Innanzitutto, la Corte di cassazione evidenzia che affinché possa essere ritenuta responsabile la Diocesi, in qualità di custode del bene destinato all'attività di culto, ai sensi dell'articolo 2051 codice civile, è necessario provare «la sussistenza di un rapporto di custodia della cosa e una relazione di fatto tra un soggetto (nella specie, la Diocesi) e la cosa stessa, tale da consentire il potere di controllarla,di eliminare le situazioni di pericolo che siano insorte e di escludere i terzi dal contatto con la cosa» (Sez. 6 - 3, Ordinanza n. 27724 del 30/10/2018; Cass. , sez. 3, sentenza n. 15761/2016)». L'onere di provare tale potere di controllo incombe sul danneggiato. Chiarito questo, a parere dei Giudici di legittimità, tale onere non è stato assolto dal ricorrente. Con l'ovvia conseguenza che bene ha deciso la Corte d'appello nel rigettare la richiesta di risarcimento danni nei confronti della Diocesi. Con riferimento, poi, alla domanda nei confronti del Comune, la Suprema Corte di cassazione condivide la decisione del Giudice di secondo grado. E ciò in in quanto,nella fattispecie in esame, non è stata provata la responsabilità dell'ente territoriale. In buona sostanza, affermare (come fa il ricorrente) che quest'ultimo è proprietario dell'area limitrofa alla scalinata e che l'uso generalizzato e pubblico di questa avrebbe dovuto obbligare il Comune alla manutenzione della stessa, non è sufficiente a dimostrare la responsabilità dell'ente territoriale. Ai fini che qui interessano, si fa rilevare che«l'uso pubblico in genere riferito al transito può interessare una strada o un altro bene di proprietà privata». Orbene, qualora venga sancita «l'imposizione di un vincolo di uso pubblico su strada vicinale, pur permettendo alla collettività di esercitarvi il diritto di servitù di passaggio con le modalità consentite dalla conformazione della strada stessa, detta imposizione non altera il diritto di proprietà sulla strada, che rimane privata (Sez. 2 - Sentenza n. 15618 del 14/06/2018; Cass., Sez. 6 - 2, n. 11028 del 19 maggio 2011)». 
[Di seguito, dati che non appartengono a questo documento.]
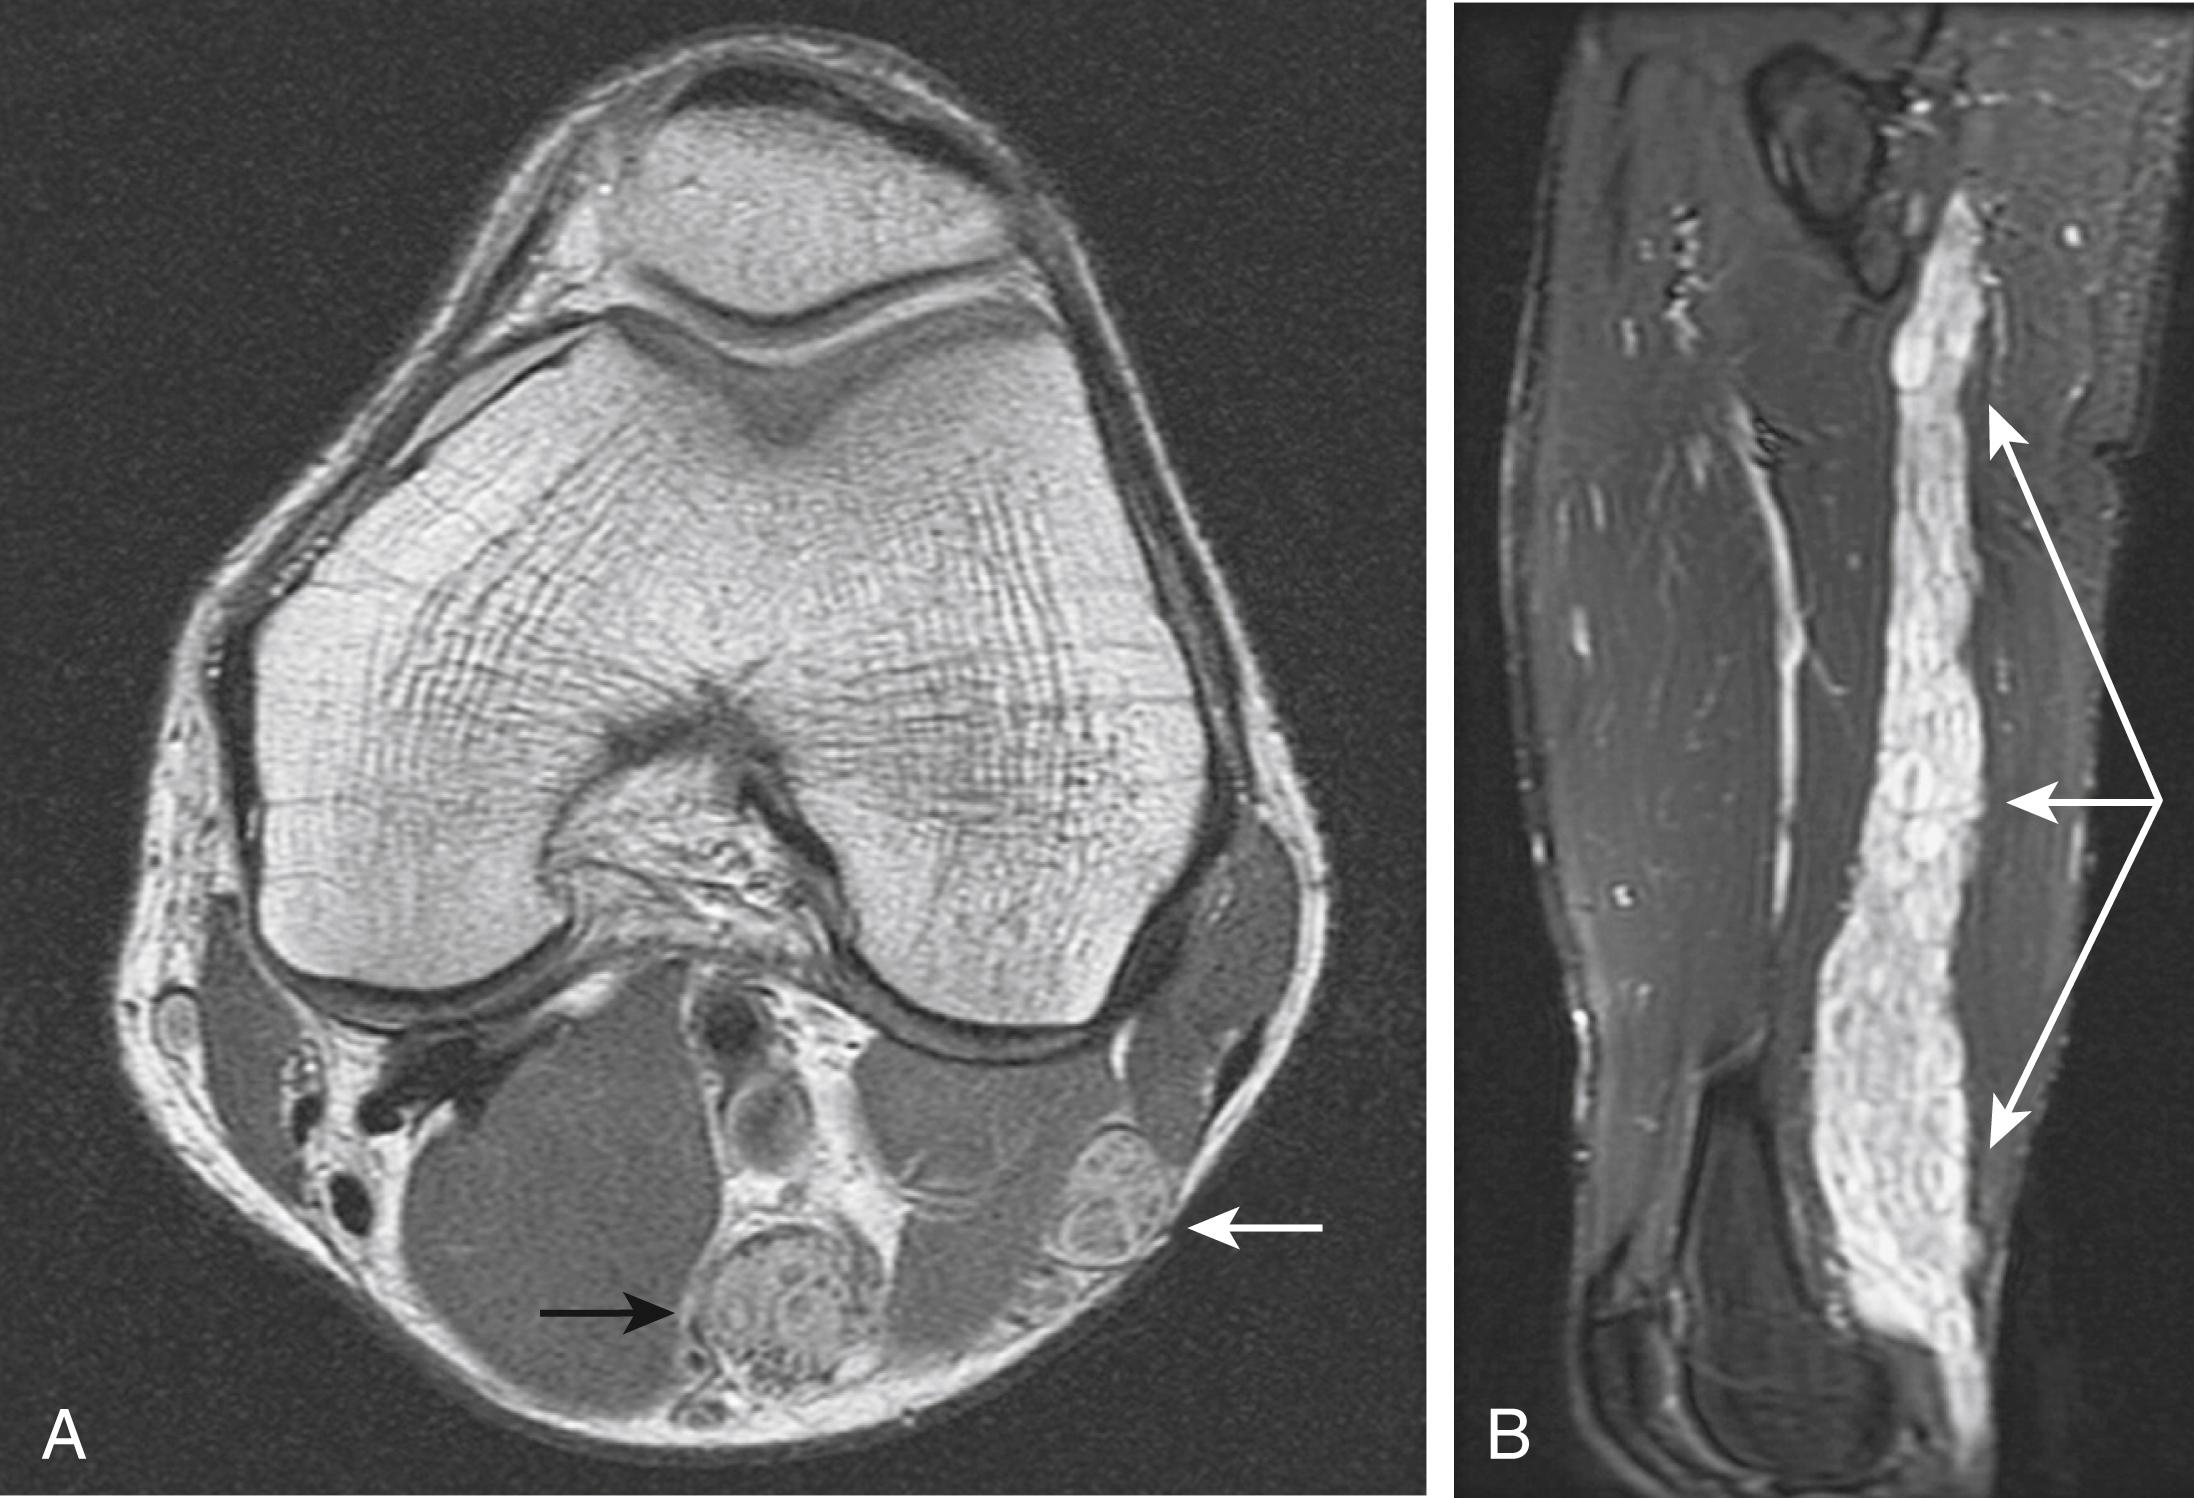 FIG. 172.1, A, Axial proton density-weighted image demonstrates markedly enlarged fascicles of both the tibial (black arrow) and common peroneal (white arrow) nerves because of plexiform neurofibromas. B, Large field-of-view sagittal fat-suppressed T2-weighted image in the same patient reveals extensive plexiform neurofibromas throughout the length of the sciatic nerve (arrows) .

Infatti l'uso pubblico di un bene privato non è in grado di trasferire né il potere di fatto sulla cosa né gli oneri di custodia sul Comune che provvede alla gestione e manutenzione delle adiacenti pubbliche vie. Equiparabile al bene privato è quello destinato all'attività di culto. In tali ipotesi, a parere dei Giudici di legittimità, «la responsabilità da omessa custodia di un bene destinato all'attività di culto, anche se per consuetudine asservito a un uso pubblico, grava sul proprietario del bene e non sull'ente territoriale su cui insiste il bene, a meno che non sia dimostrata una detenzione o un potere di fatto dell'ente territoriale sulla cosa». Tornando al caso in esame, il ricorrente non ha dimostrato l'innanzi citato potere di fatto del Comune. Tale mancanza, tra l'altro, discende dal rilievo che, dopo l'incidente occorso in danno del ricorrente, il dirigente del servizio comunale competente ha rivolto all'ente ecclesiastico un invito a porre la scalinata di ingresso al duomo in sicurezza. Questo rilievo, a parere della Suprema Corte, è la miglior riprova della carenza di qualsivoglia potere di fatto in capo all'ente territoriale. 

Alla luce delle considerazioni sin qui svolte, pertanto, i Giudici di legittimità hanno confermato la decisione di secondo grado, rigettando il ricorso.